理論
環境に適応するように生物は進化し(進化説)、分岐して多様な生物種が生まれる(分岐の原理)。
具体的には
まず、同じ生物種においても、ちいさな個体差があります。
同じ人間でも、身長が違ったり、肌の色が違ったりします。
必然的に、環境の中で有利な特徴を持った生物は生存しやすく、不利な生物は生存が困難になります。
環境に対する有利な特徴を持つ生物が多く生き残り、子孫にも同じ特徴が遺伝され、繁栄していきます。

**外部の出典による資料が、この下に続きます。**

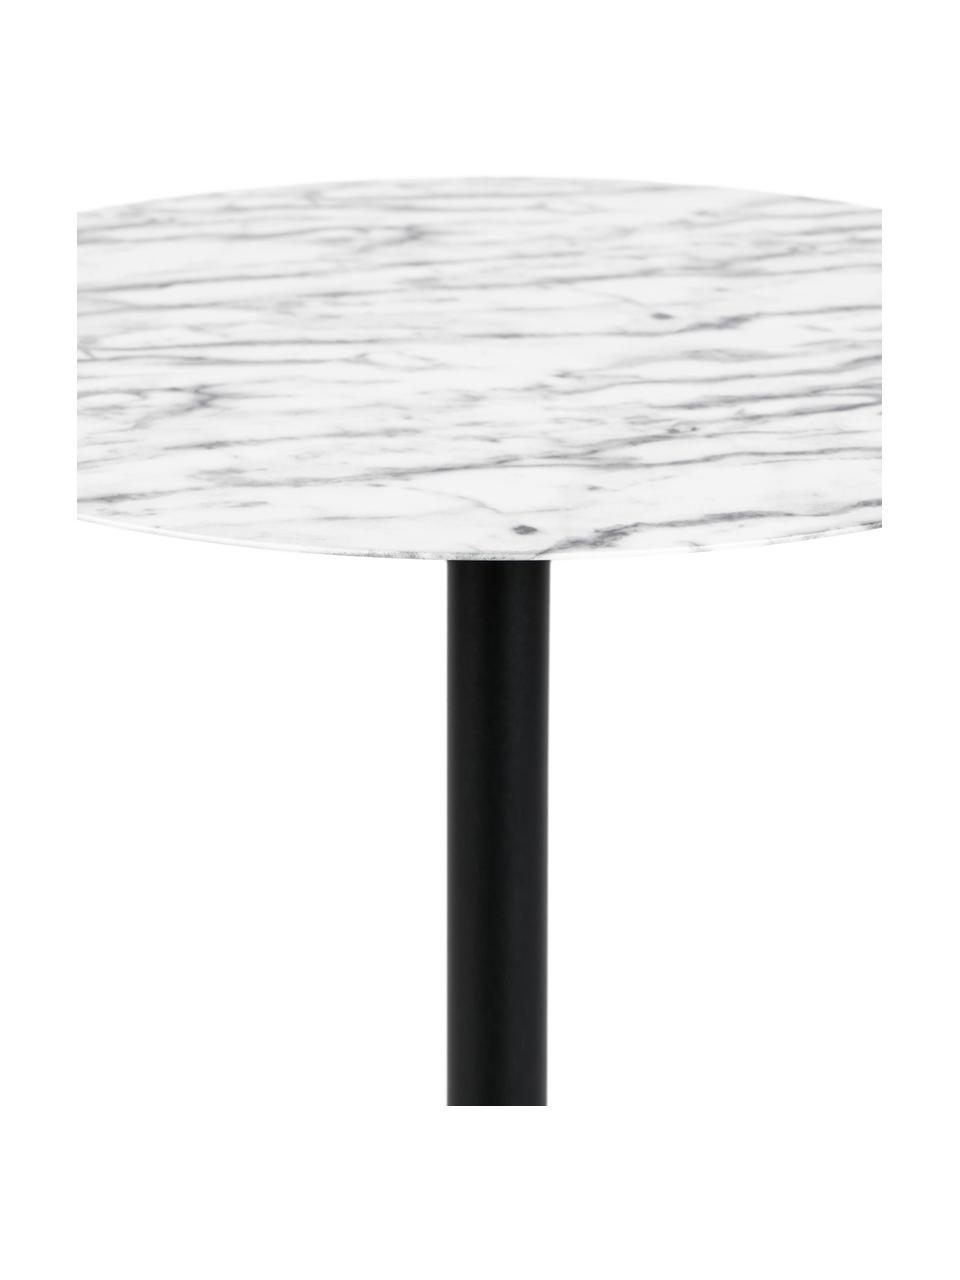 Runder Bistrotisch Snow in Marmoroptik, Ø 57 cm, Tischplatte: Metall, foliert, Gestell: Metall, pulverbeschichtet, Weiß in Marmor-Optik, Ø 57 x H 75 cm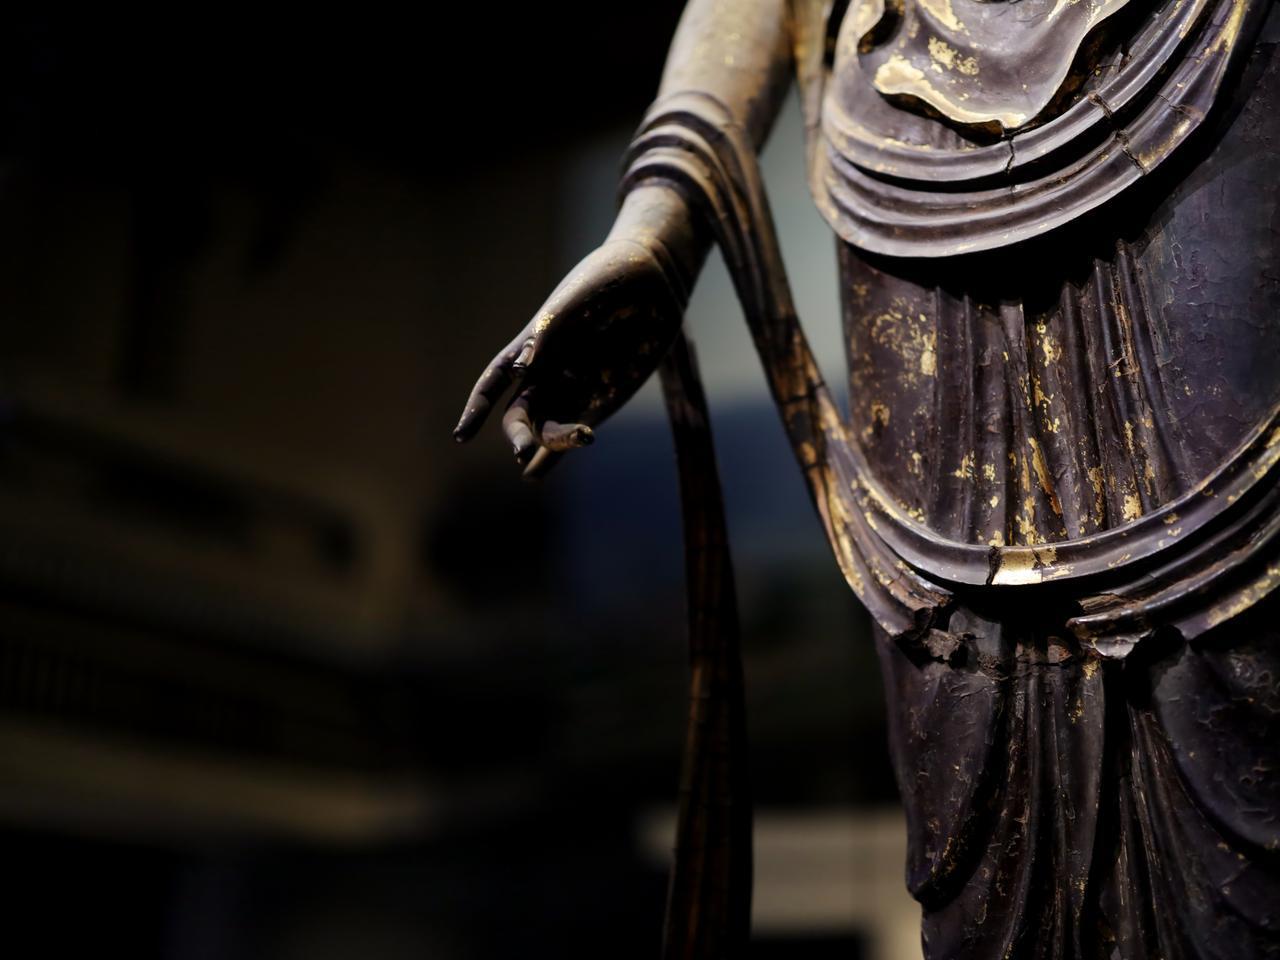 画像: 国宝 十一面観音菩薩立像 (部分・右手、天衣)奈良時代・8世紀 奈良・聖林寺蔵

それに対し、不利な特徴を持った生物は衰退していきます。
キリンの先祖種が生息する場所に干ばつが起こり、食物である植物が不足すると、少しでも高くにある木の枝先の葉を食べられる背の高い(首の長い)キリンが生き残ります。
多く生き残った首の長いキリン同士から、同じ特徴を持った子孫が生まれ、繁栄していきます。
何世代か続く間にこれが繰り返され、キリンの首は徐々に伸びていくことになります。
自然環境が生き残る生物種を決定するため、これを「自然選択(自然淘汰)説」と呼びます。
ここで重要なことは、干ばつなどの環境の変化が偶然に起こるということです。
だから生物の進化も偶然であり、何か最終目標(~へ)に向かって「進歩」するのではなく、今のこの状況(~から)一歩だけ進む「進化」なのです。
それゆえ、ダーウィンの進化論は、下等な生物種から高等な人間へと進歩していくという進歩説を唱える西洋思想の基本理念を崩壊させ、スキャンダルを巻き起こします。
人為的にこの進化を、理想とする生物種へと向かって進歩させるように交配を操作するのが、家畜などに見られる品種改良です。
では、ひとつの生物種から、木の枝を広げるように多様な生物種を生じさせる「分岐の原理」とは、どういうものでしょうか。
あるひとつの生物種がある島に上陸し、繁栄したとします。
環境の制限があるため、生息可能な個体数の上限は決まっています。
だから、これより多く繁栄する可能性があるとすれば、現在他の生物によって占拠されていない島の別の場所でも生きられるように、進化するしかありません。
中程度の大きさのクチバシを持ったある鳥が飽和した時、より小さなクチバシを持った鳥に進化し、より小さな木の実を割り食べられるようになるか、より大きく進化し、より大きな木の実を食べられるようになるかすれば、より広い場所を占拠し繁栄することができます。
子孫の特性が多様に分岐するほど、より多くの場所を占めることができるのです。
ここで言う「場所」とは、物理的な空間ではなく、生態的な圏域を指します。
肉食動物と草食動物は同じ物理的空間に棲みながら、食物や生活形態が違うため、別々の生態的空間で生きています(棲み分け)。
これらの変種は長い時間をかけて、少しずつ変化を大きくし差異を広げ、やがて先祖種とは異なった特性を持つ、別の種に分岐していくのです。